Data Science Summit Looks to the Future of Public Health
Over the past year, AI tools like ChatGPT and DALL·E have made headlines for their ability to generate text and images in powerful new ways. Meanwhile, public health data scientists are increasingly harnessing advanced analytic methods like AI, with major implications for the future of the field.
A daylong Data Science for Public Health Summit at Columbia University Mailman School of Public Health examined the critical and growing importance of emerging analytic tools, from machine learning and natural language processing to network science, dynamic modeling, and data visualization. Participants included faculty from across Columbia Irving Medical Center and the larger university, including representatives from Columbia’s Data Science Institute.
The goal of the summit was to assess the field of data science for health, including both its current status and future trends, alongside a thorough assessment of how Columbia could structure its research and training activities to be at the vanguard of the discipline.
Guest speakers and panel discussions covered topics, including approaches to training the next generation in data science in public health, ethical issues in data science, and practical considerations around the infrastructure for data science research. Like the first Data Science for Public Health Summit in early 2020, the 2023 summit was organized and moderated by Gary Miller, Vice Dean for Research Strategy and Innovation and professor of Environmental Health Sciences—together with Kiros Berhane, chair of Biostatistics, and Jeff Goldsmith, associate professor of Biostatistics.
In opening remarks, Dean Linda P. Fried said data science will play a key role in addressing critical public health challenges in the coming years. “The complexity of the challenges we’re confronted with demand we look at the methods and the capabilities we as a field bring to the future of health,” she said. “Schools and programs of public health have to become facile in the wide range of tools and techniques that fall under the data sciences.”
The Dean observed that data science has the potential for both good and bad, with the latter including the potential to exacerbate health disparities. As a field, she said, public health needs to create training and research programs that prevent these missteps and create safeguards for every sector to use.
Jeannette M. Wing, executive vice president for research at Columbia University and formerly the director of the Data Science Institute, said the rapidly growing collection of data, combined with our ability to analyze it is putting new demands on data science infrastructure. Wing said her “big goal” is to centralize high-performance computing infrastructure at the university, providing the computing power and storage to support data science, including “high-end AI applications, scientific computing, and gobs and gobs of data.” She solicited input on this plan, encouraging faculty to dream big about what they might do with the right tools and infrastructure.

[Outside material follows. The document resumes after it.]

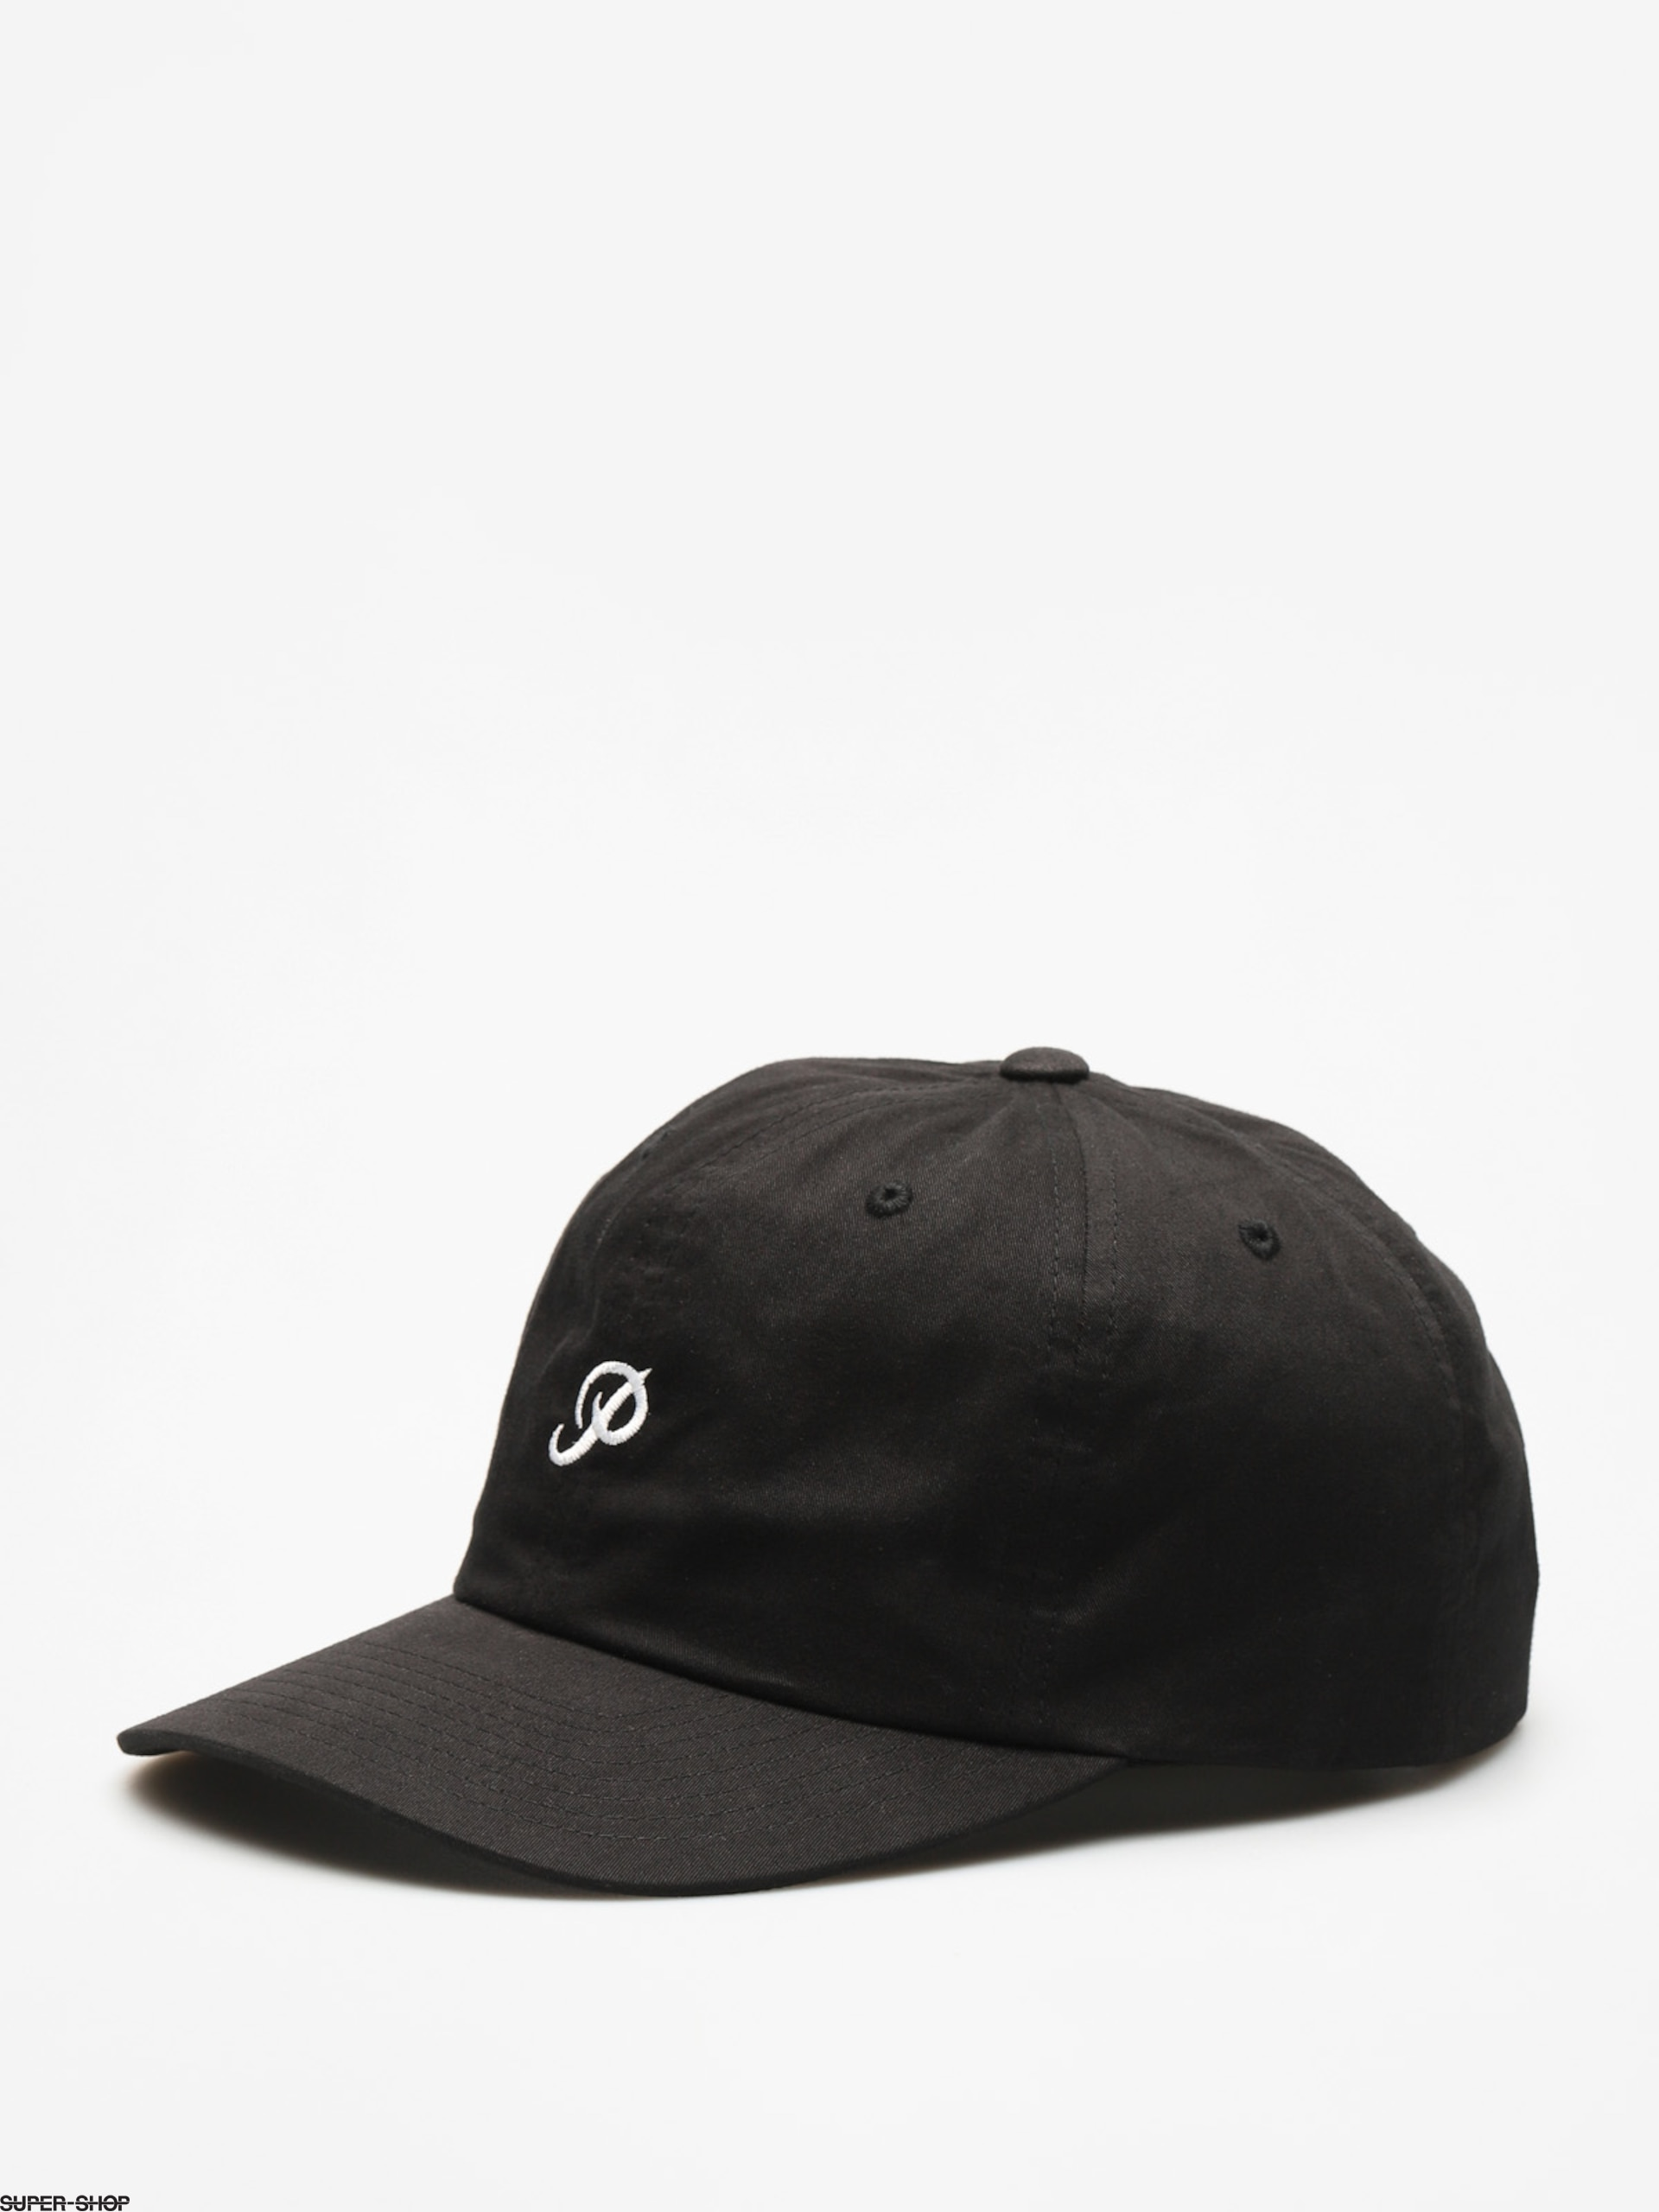 926873-w1920-primitive-cap-mini-classic-dad-hat-zd-black.jpg 138863c66d6

Xihong Lin, a biostatistician on the faculty of Harvard T. H. Chan School of Public Health, delivered a keynote address that reflected on lessons learned from conducting and communicating research on the COVID-19 pandemic. Among these lessons was the need for data scientists to “step in early and learn on the fly.” Pre-print publications and real-time dashboards provided actionable information in a fast-moving situation. Another important lesson: media training to help scientists communicate with journalists.
An Eye to Ethics
Summit speakers and panelists shined a light on the need for ethical guidelines in data science. As one example of an ethical lapse, an algorithm used by hospitals was found to discriminate against Black people by not referring them to care in the same way it did for White people.
In a distinguished lecture on the eve of the summit, Sherri Rose, a professor of health policy and co-director of the Health Policy Data Science Lab at Stanford University, said ethics, fairness, and health equity should all be considerations for AI tools, all of which should be individually assessed for whether or not they exacerbate harms to minoritized groups. Rose went on to describe her own research which uses AI to reduce inequities in health insurers’ use of risk adjustment formulas. Done right, Rose said AI “could more frequently be contributing to improving health equity rather than harming it.”
In a related panel discussion, Gary Miller said the Columbia Mailman School can take a lead in teaching students in ethical data science before they take jobs in health care technology. “We can start by infusing our values in the people trained at the university,” he said.